* **Task item**:
The reply should hold only the lines below beginning at the one with "375199930f4 Steve Madden" and ending at the one with "CIENCIAS NATURALES 3o.PRIMARIA.", copied exactly, with every picture left out.

* **Material for this task**:
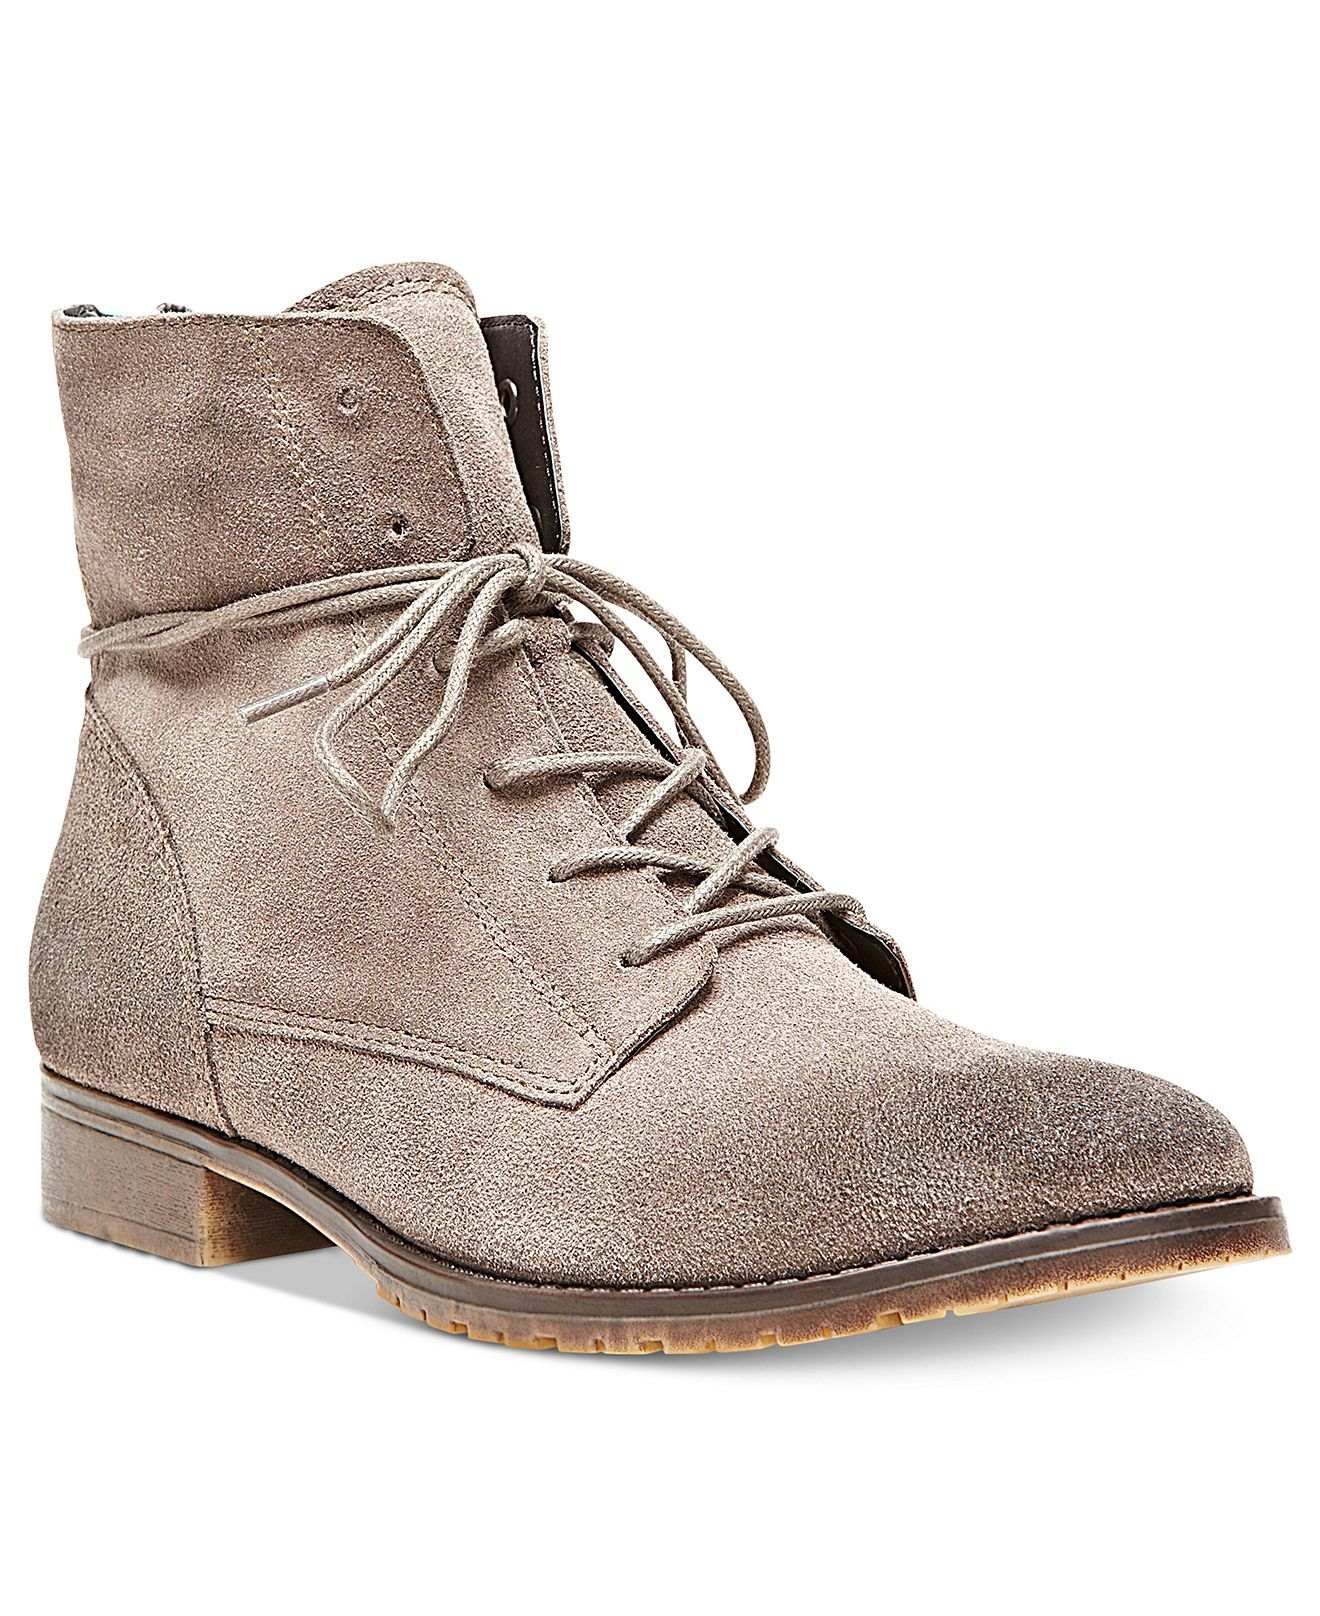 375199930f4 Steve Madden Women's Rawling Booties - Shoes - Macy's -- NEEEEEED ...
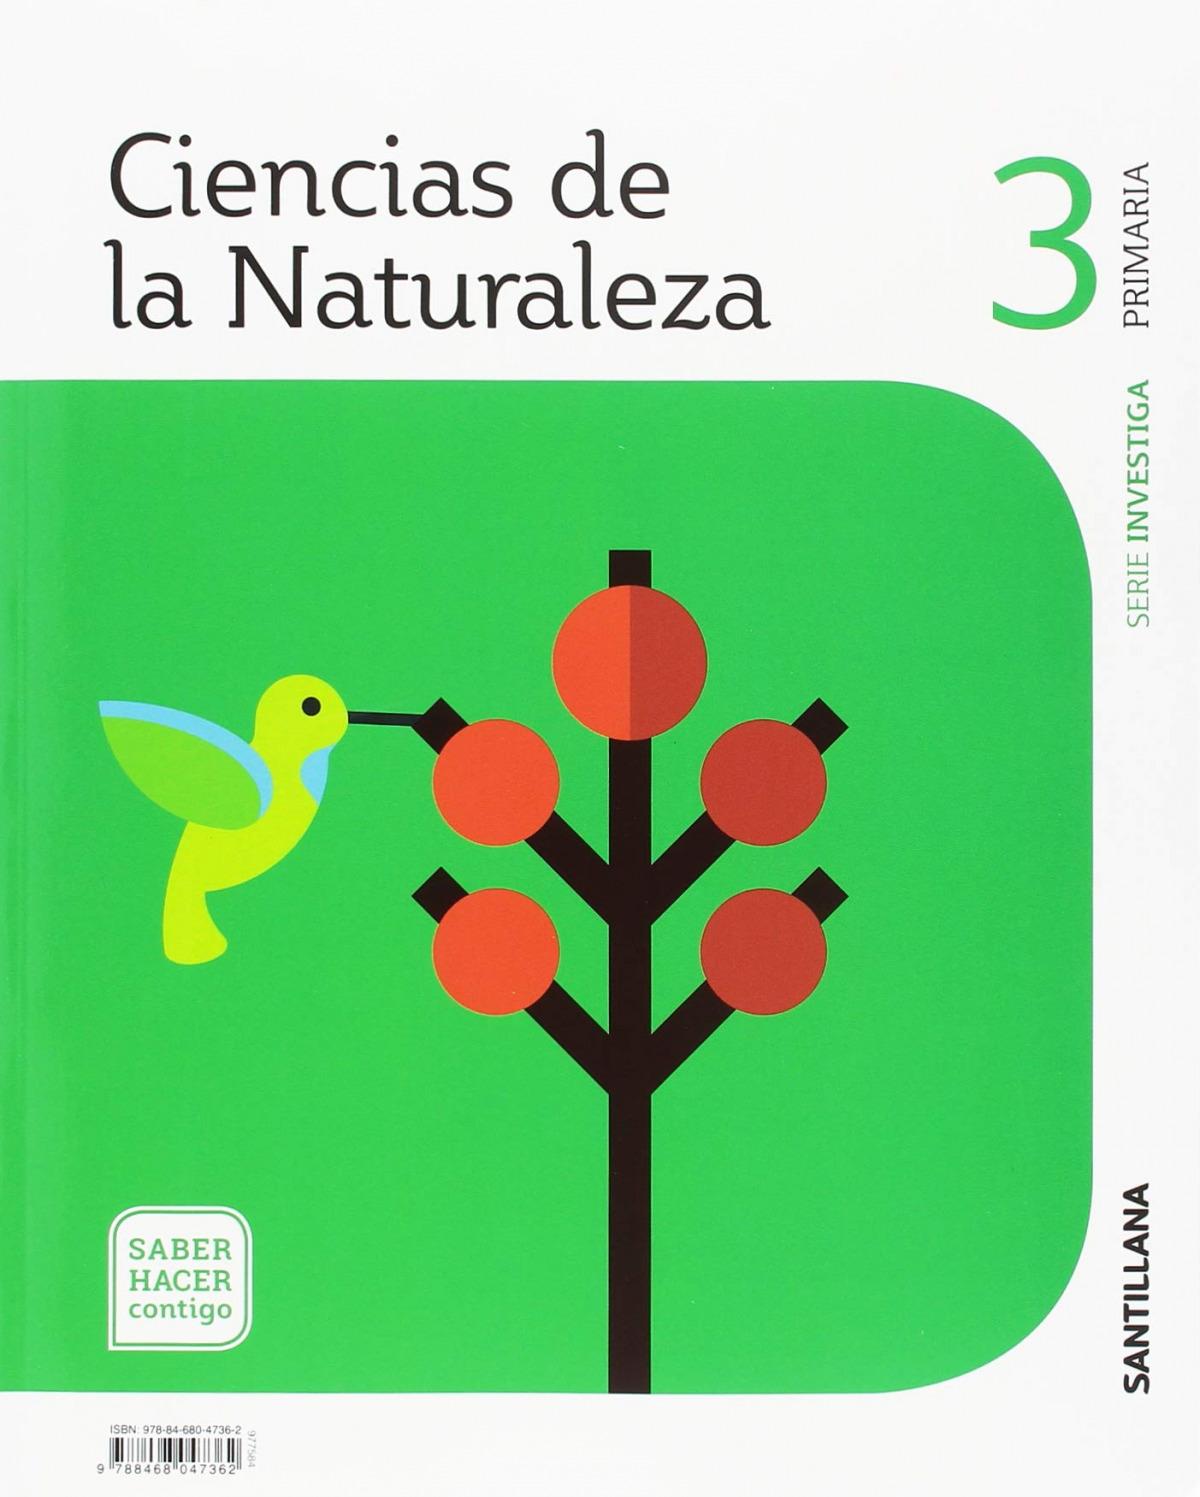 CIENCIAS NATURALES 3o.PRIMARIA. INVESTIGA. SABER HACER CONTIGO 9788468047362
---
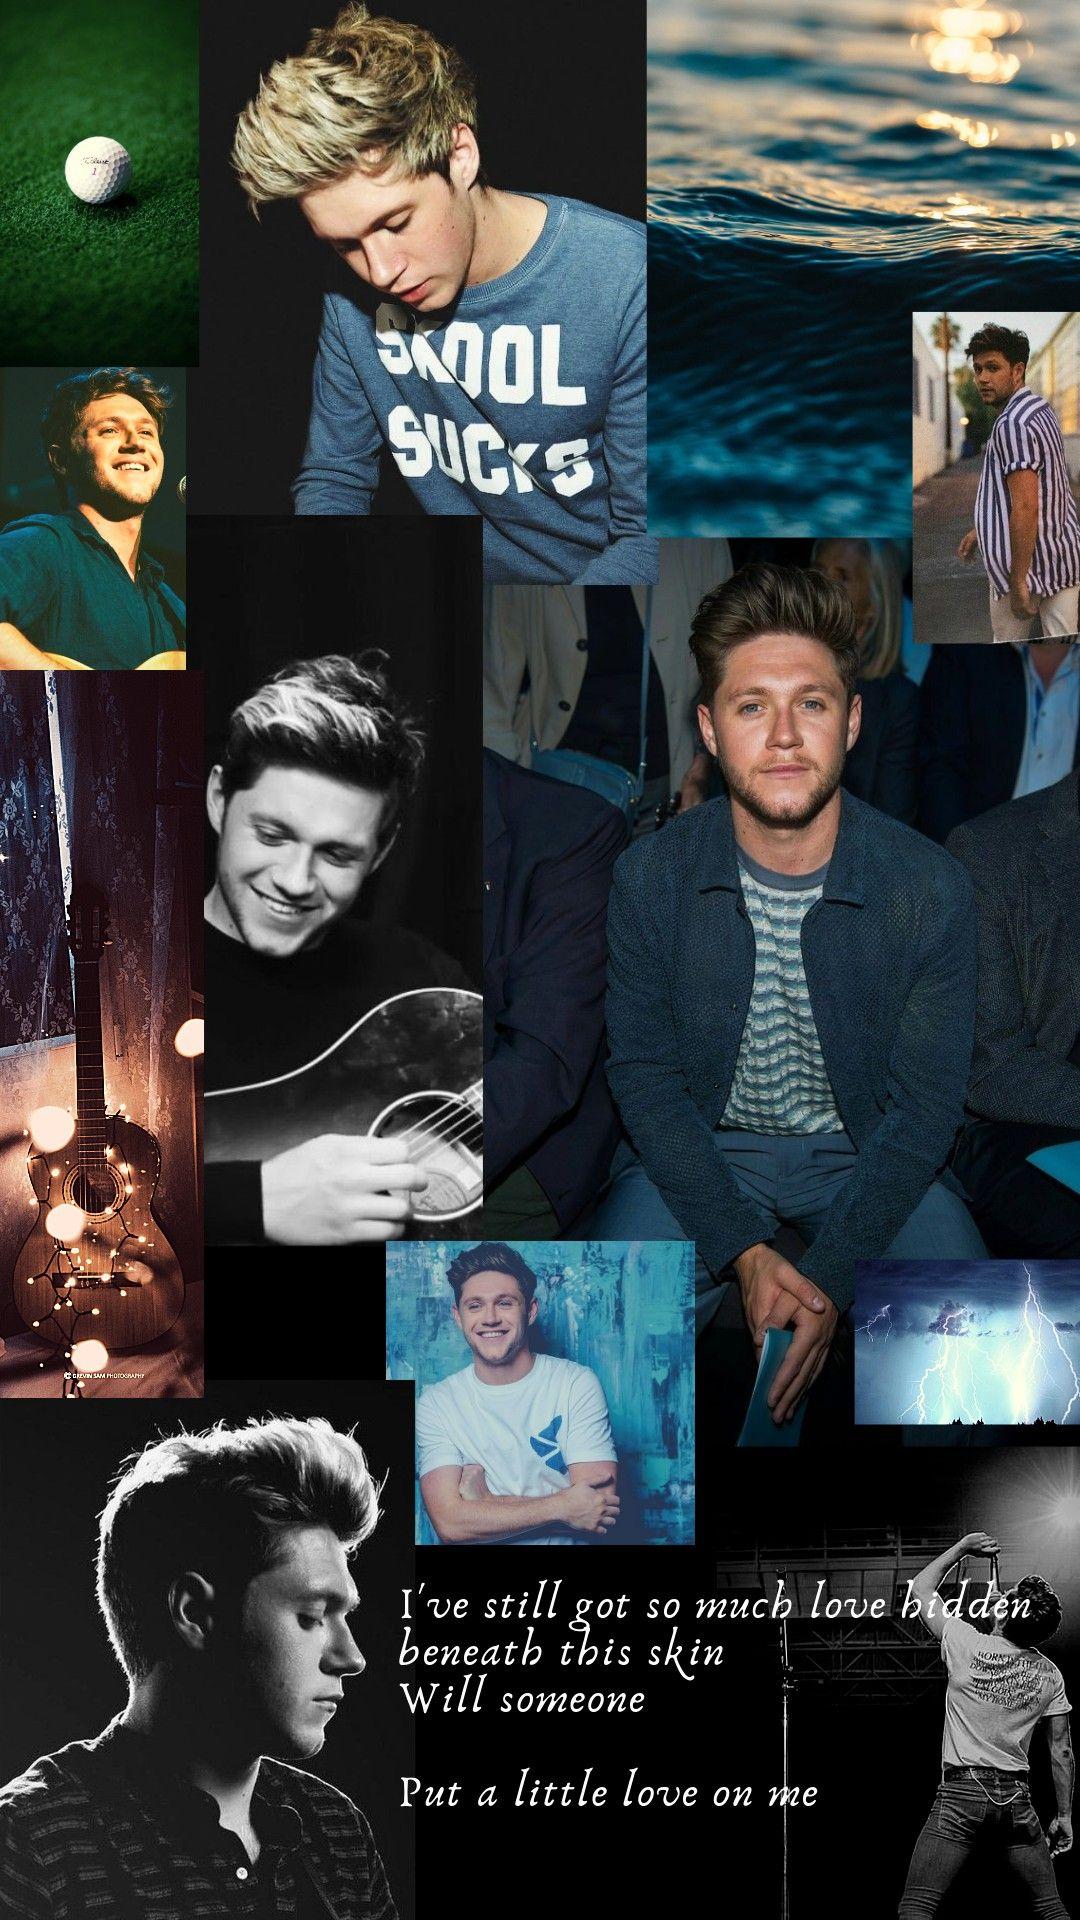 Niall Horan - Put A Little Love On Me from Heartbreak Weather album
--
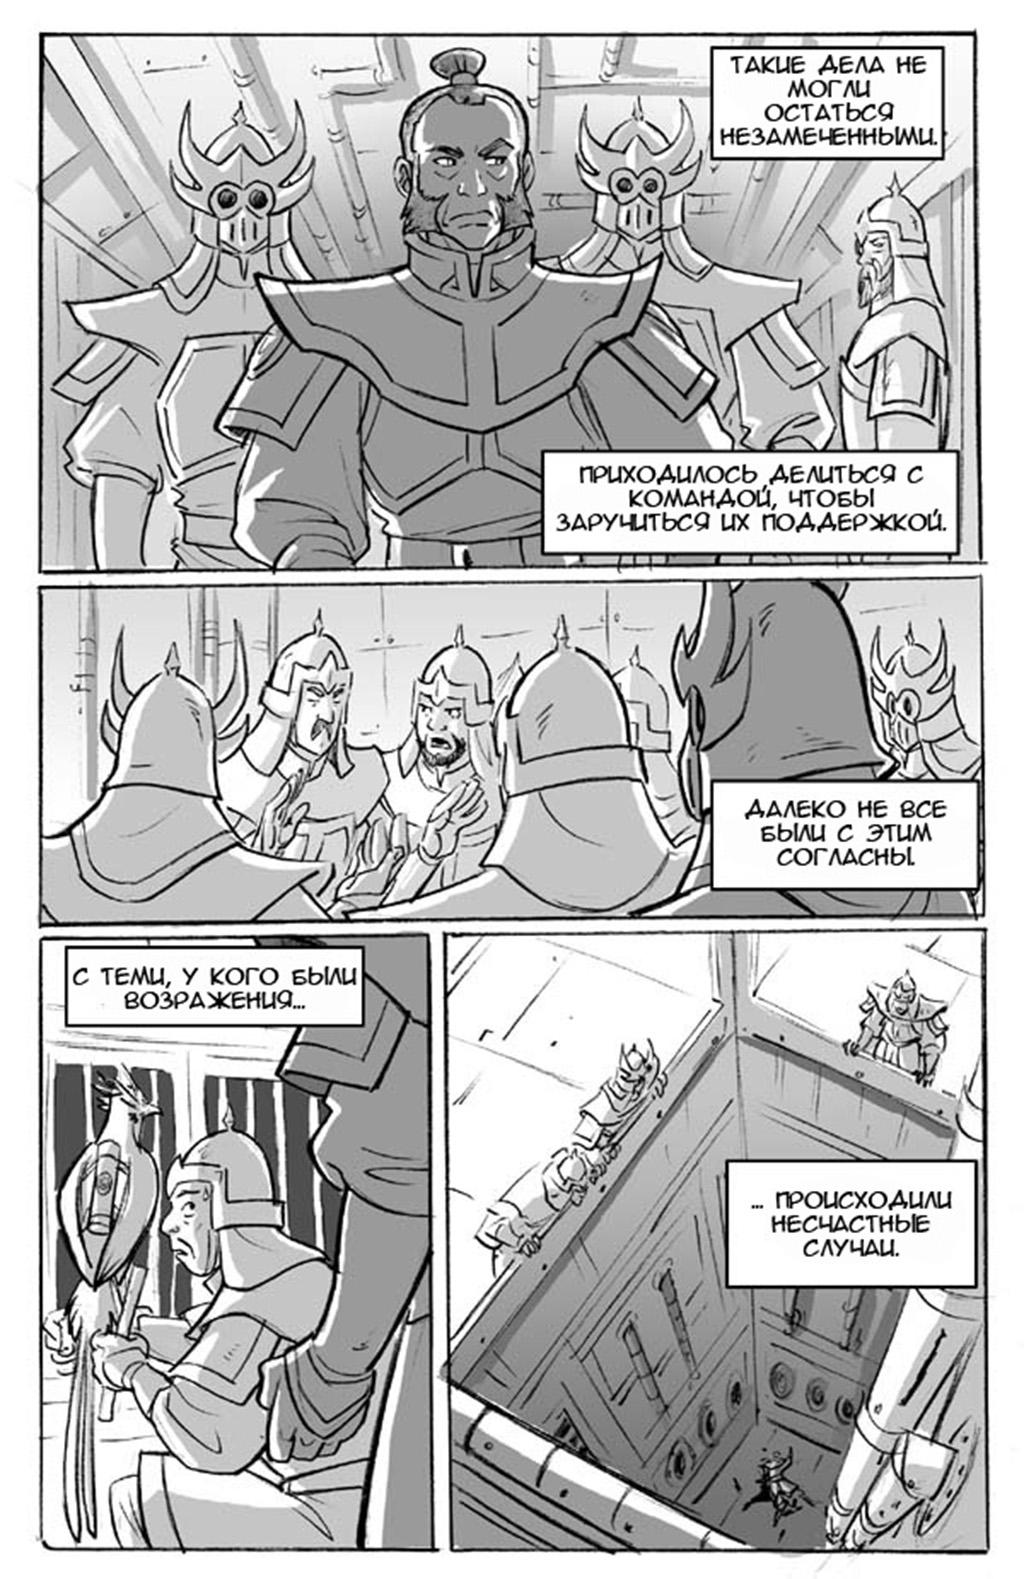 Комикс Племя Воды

* **Problem solution**:
 375199930f4 Steve Madden Women's Rawling Booties - Shoes - Macy's -- NEEEEEED ...
 CIENCIAS NATURALES 3o.PRIMARIA. INVESTIGA. SABER HACER CONTIGO 9788468047362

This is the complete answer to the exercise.